Based on the principle of interest parity in economics, an unhedged carry trade cannot show a significant return for a long time, since the interest rate difference between two given currencies must always reflect the risk inherent in exchange rate movements. In other words, the interest rate of a given currency can be significantly higher precisely because, according to the market’s assessment, there is a high risk of weakening, and if this happens, then the money earned by carry goes there.
It is difficult to estimate exactly how much capital has moved next to the HUF in recent months due to the interest rate difference, but several figures indicate that it is a significant amount.

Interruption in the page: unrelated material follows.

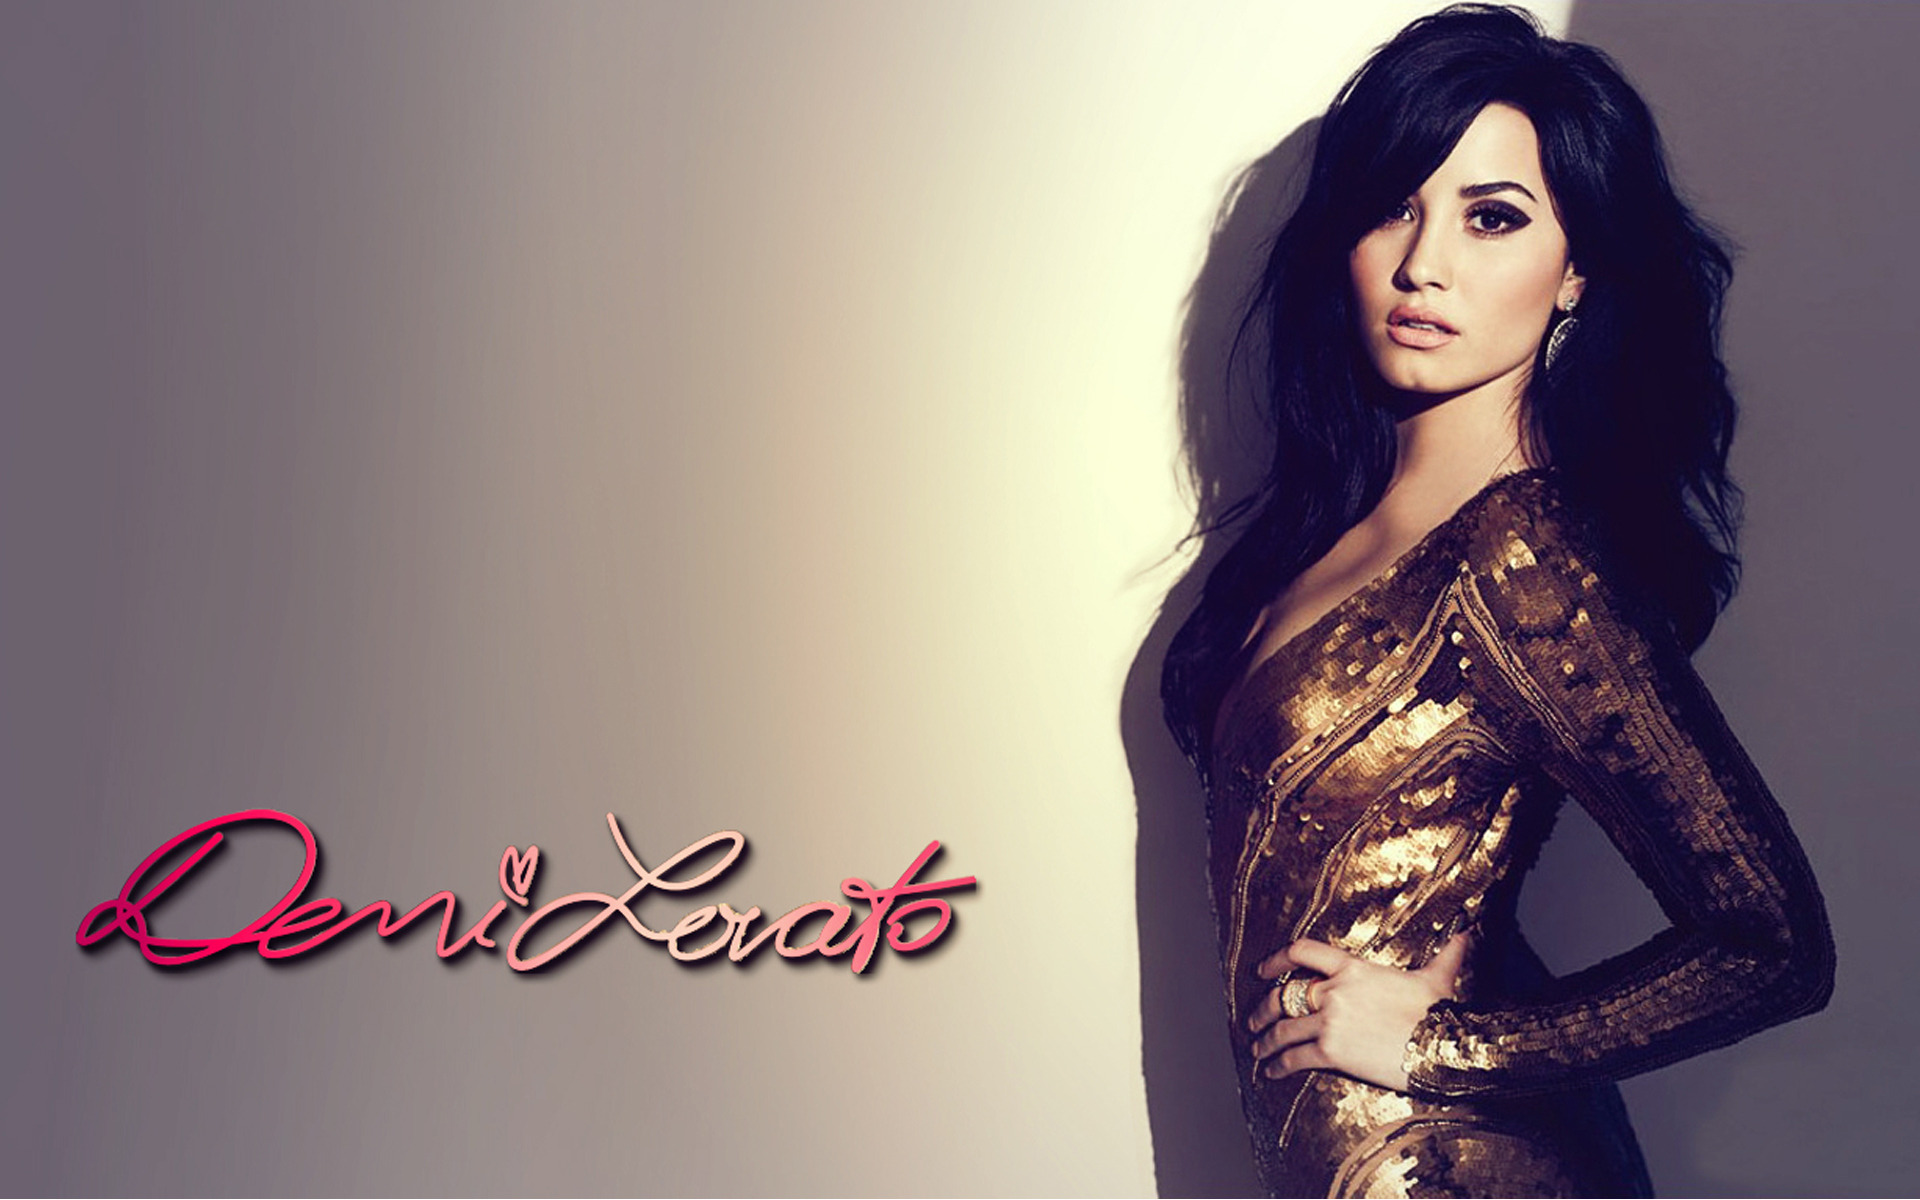 Demi Lovato Backgrounds   Wallpaper High Definition High Quality
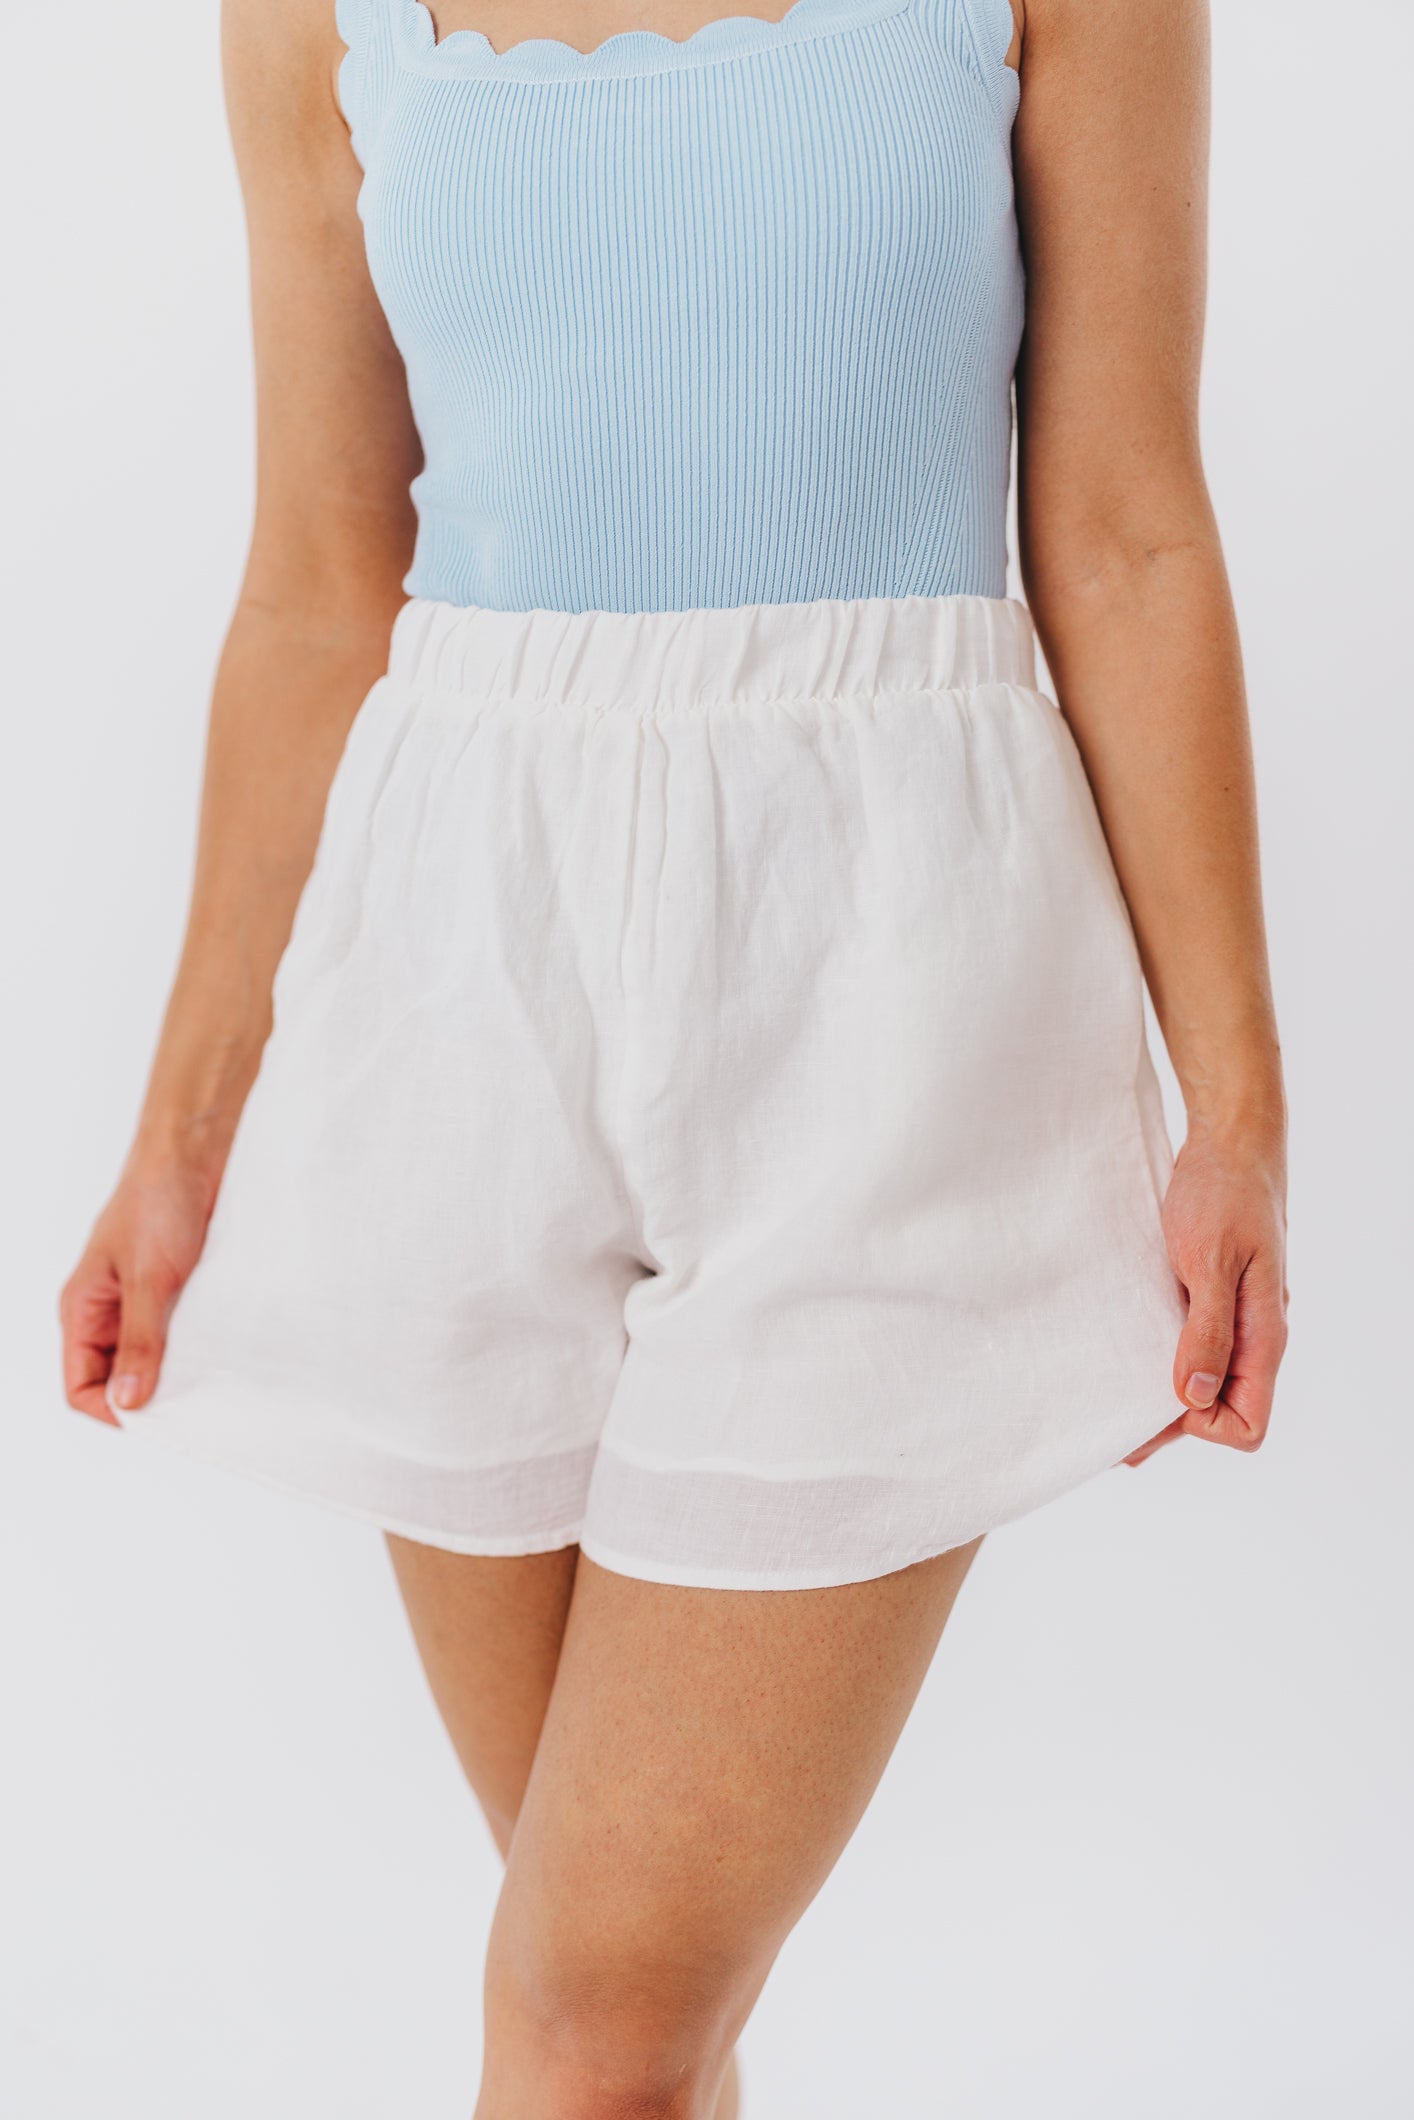 Tahlia Shorts in Off-White

Foreigners’ holdings of government securities rose to a historic high, but within this, holdings of HUF-denominated securities with maturities of more than one year jumped, meaning that most carry traders would rather be in swaps.
according to our market sources, in recent months it was clearly visible that several billion euros of capital began to play on the Hungarian interest rate differential.
“The money that came in will also go out” – Could this make the forint vulnerable?
The main topic of the next period may be how this Hungarian carry story ends, since this week the MNB also acknowledged that the issue of reducing the key interest rate will be on the agenda at the next meetings. For now, it is not clear whether this will start a process where investors start to close their positions, which would lead to a possible weakening of the forint.
It is certain that the capital that has flowed in in recent months will eventually go out
– said one of our market sources.
Of course, it would be premature to bury the forint for the time being, according to some experts, even the start of interest rate cuts will not bring about a turnaround, and may even trigger a final attack, as investors may try to take advantage of the Hungarian interest rate differential until the last moment. Moreover, even if the 18 percent rate starts to decrease, even then we will still have the highest interest rate in the region. If it closes with the base interest rate of 13 percent by the fall, as Barnabás Virág considers realistic, it will still be almost twice the Polish and Czech interest rates of around 7 percent. That is
it is unlikely that investors would run away.
In the longer term, the central bank should ensure that the bloated carry stock is gradually reduced in such a way that the fundamentals of the Hungarian economy improve, primarily its external financing position, and, if possible, an agreement is reached on the future of EU funds. After all, long-term, fundamental investors could appear who could trigger the eventual withdrawal of those who play on the interest rate difference in the short term.